- [Data section]:
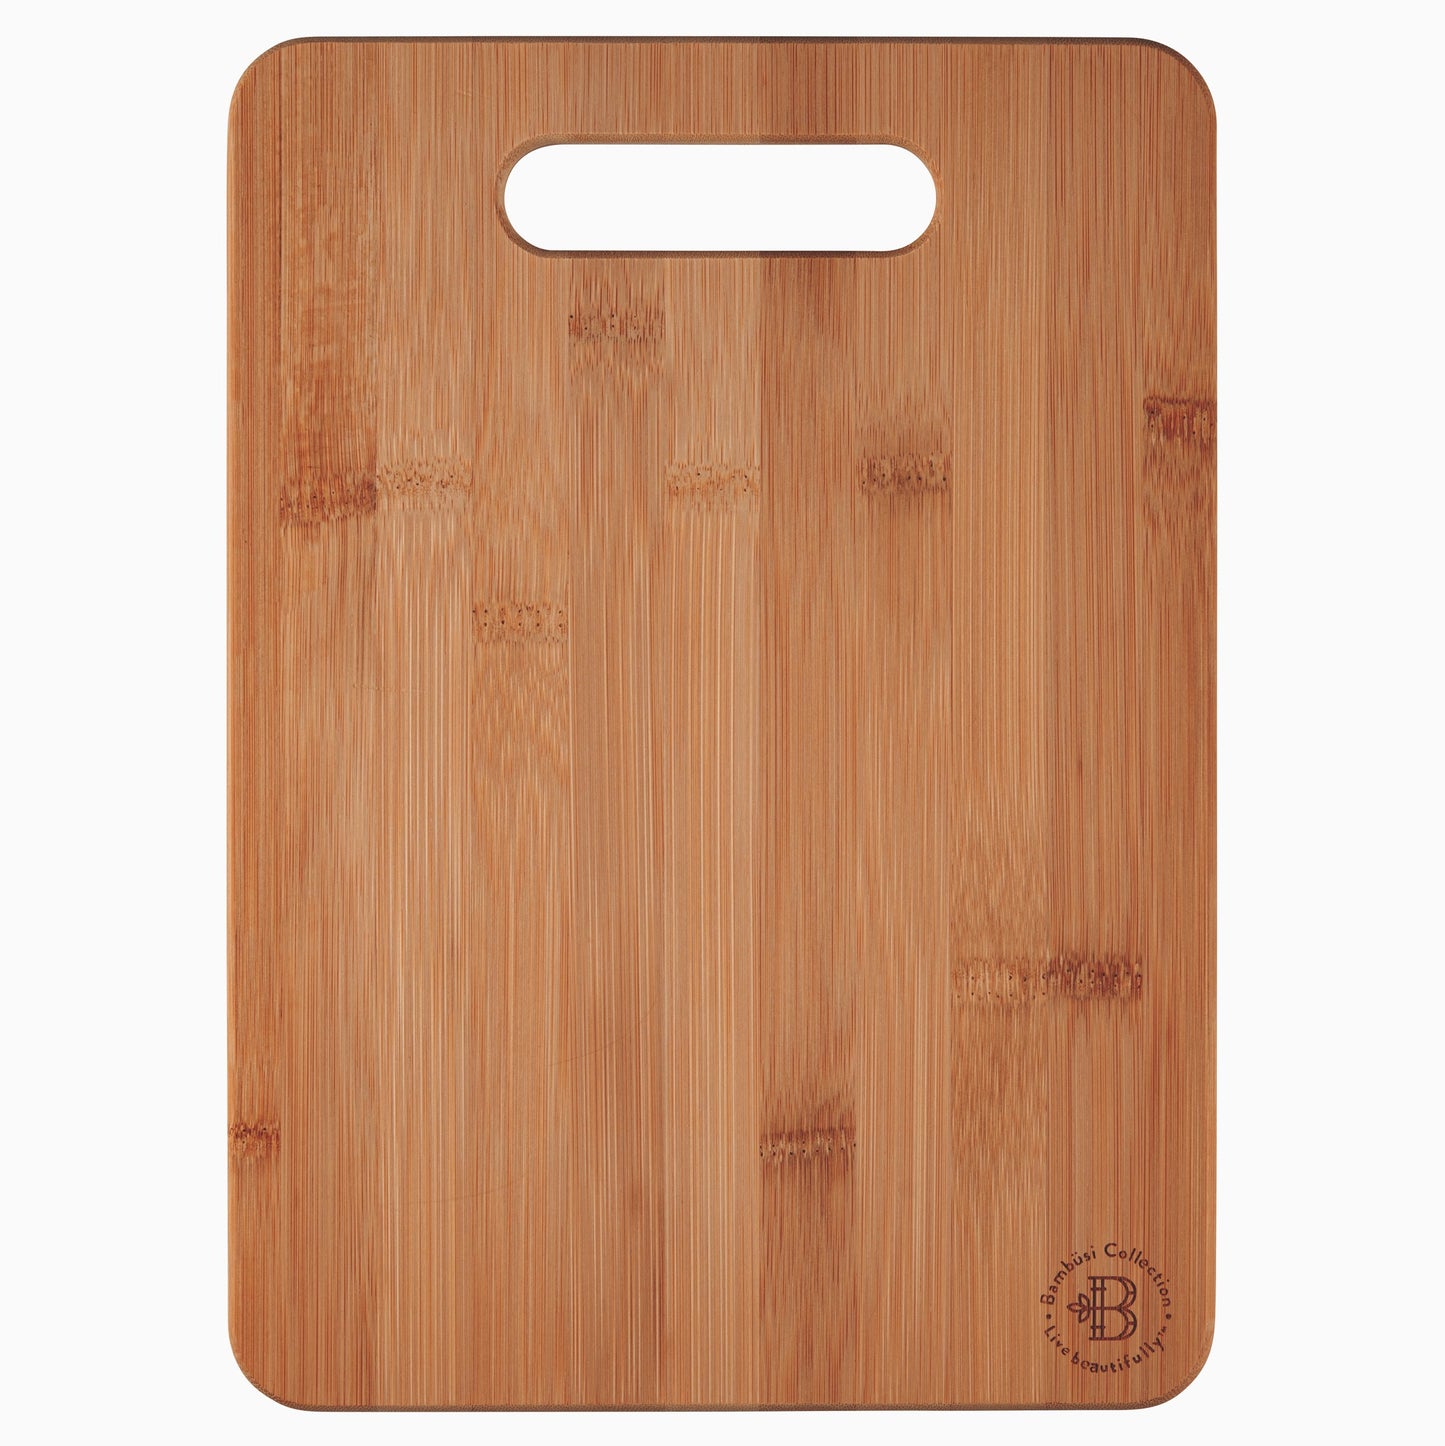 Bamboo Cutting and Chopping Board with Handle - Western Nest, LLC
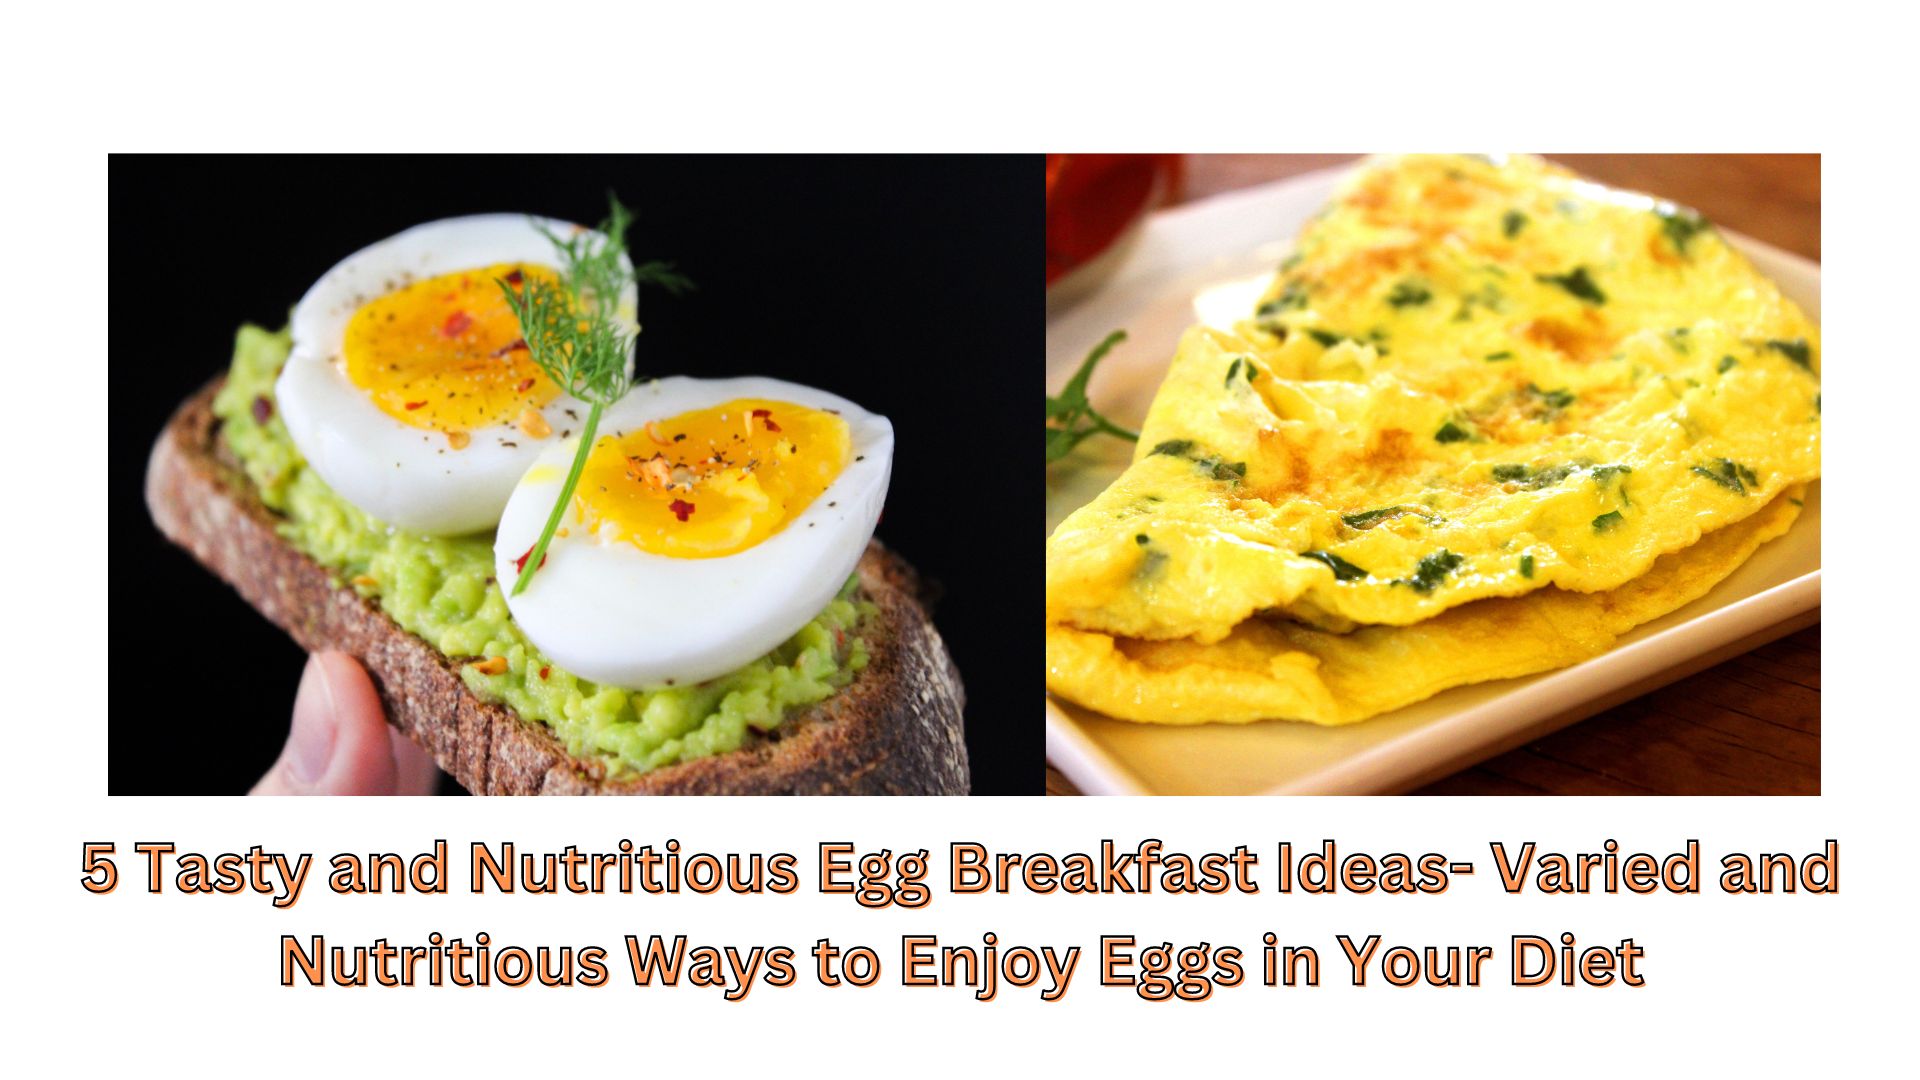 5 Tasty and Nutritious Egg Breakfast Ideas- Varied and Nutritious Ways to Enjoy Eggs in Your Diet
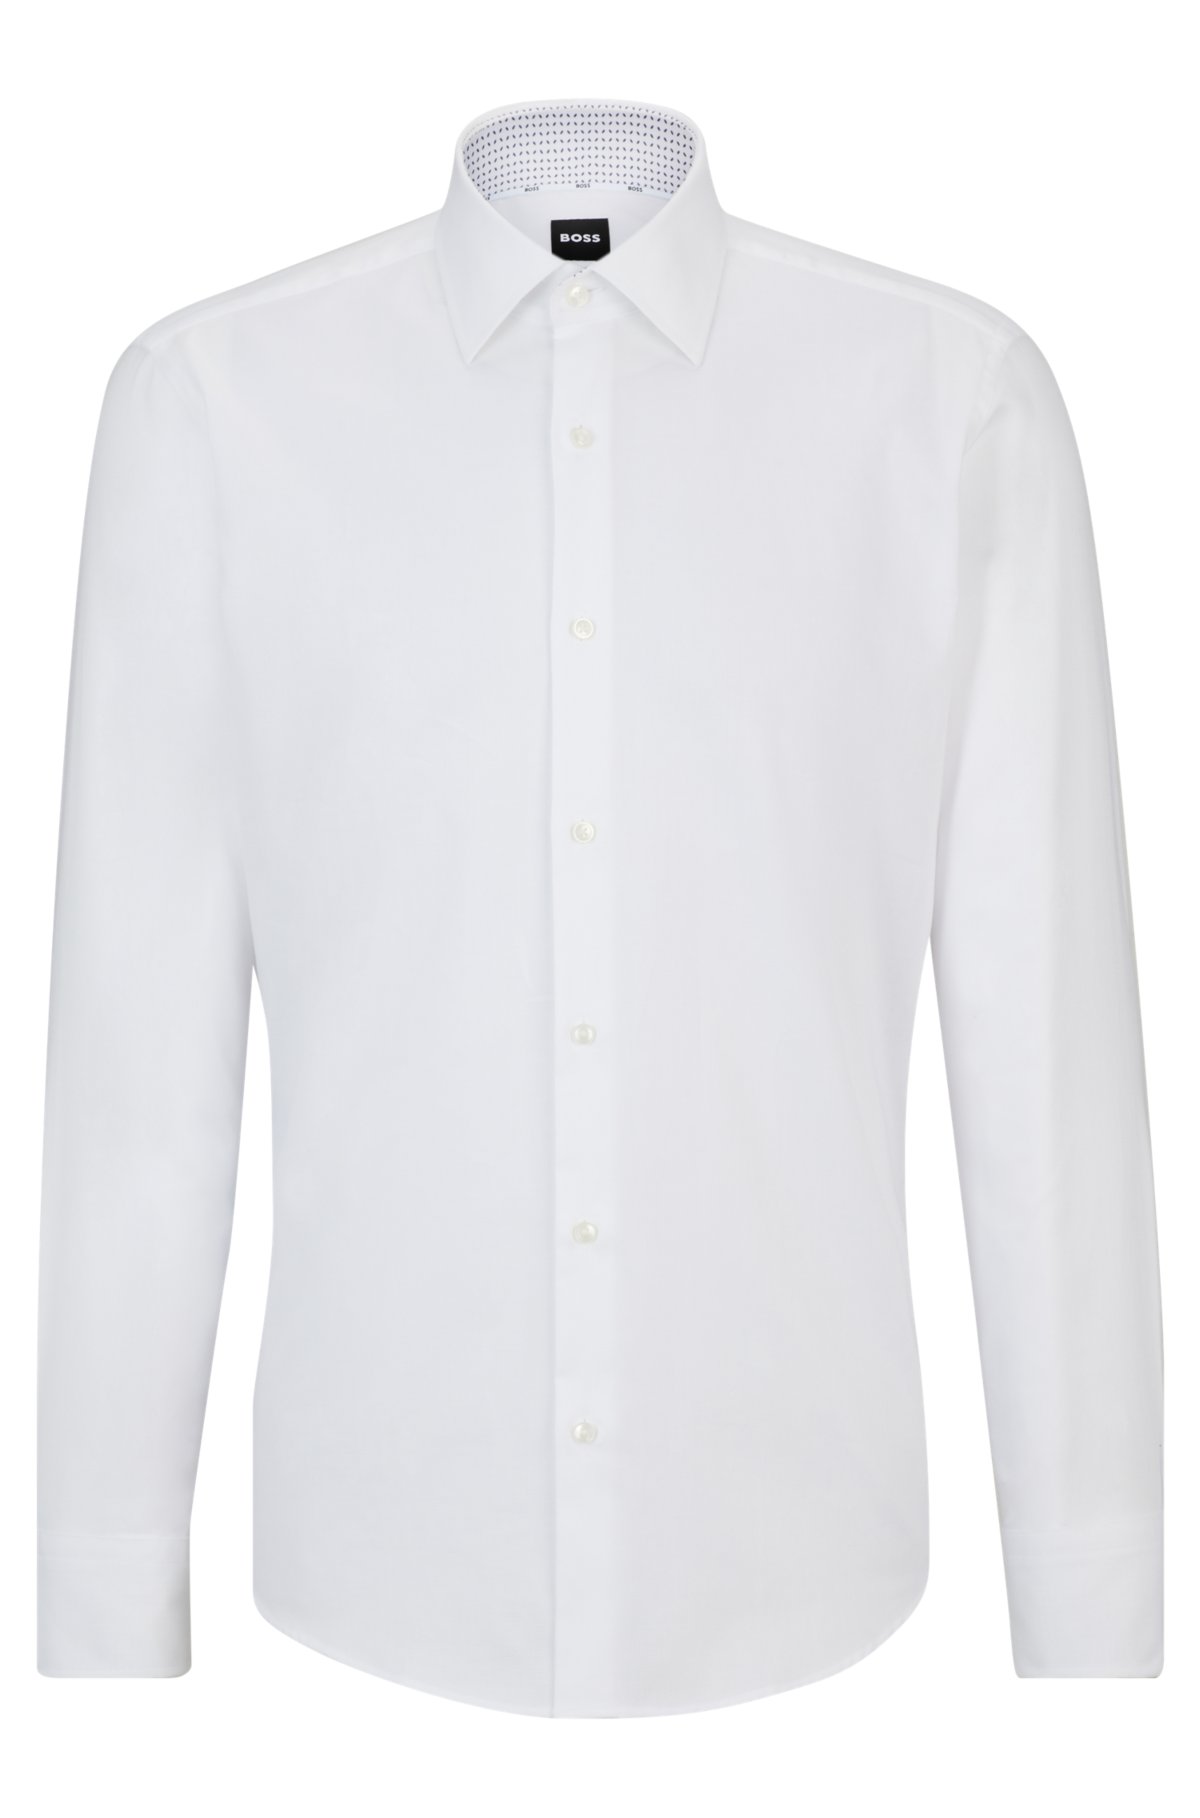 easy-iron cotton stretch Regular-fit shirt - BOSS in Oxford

- [Problem description]: Are you able to set down all the lines above exactly, without any pictures?

- [Answer to this exercise]:
 Bamboo Cutting and Chopping Board with Handle - Western Nest, LLC
 5 Tasty and Nutritious Egg Breakfast Ideas- Varied and Nutritious Ways to Enjoy Eggs in Your Diet
 easy-iron cotton stretch Regular-fit shirt - BOSS in Oxford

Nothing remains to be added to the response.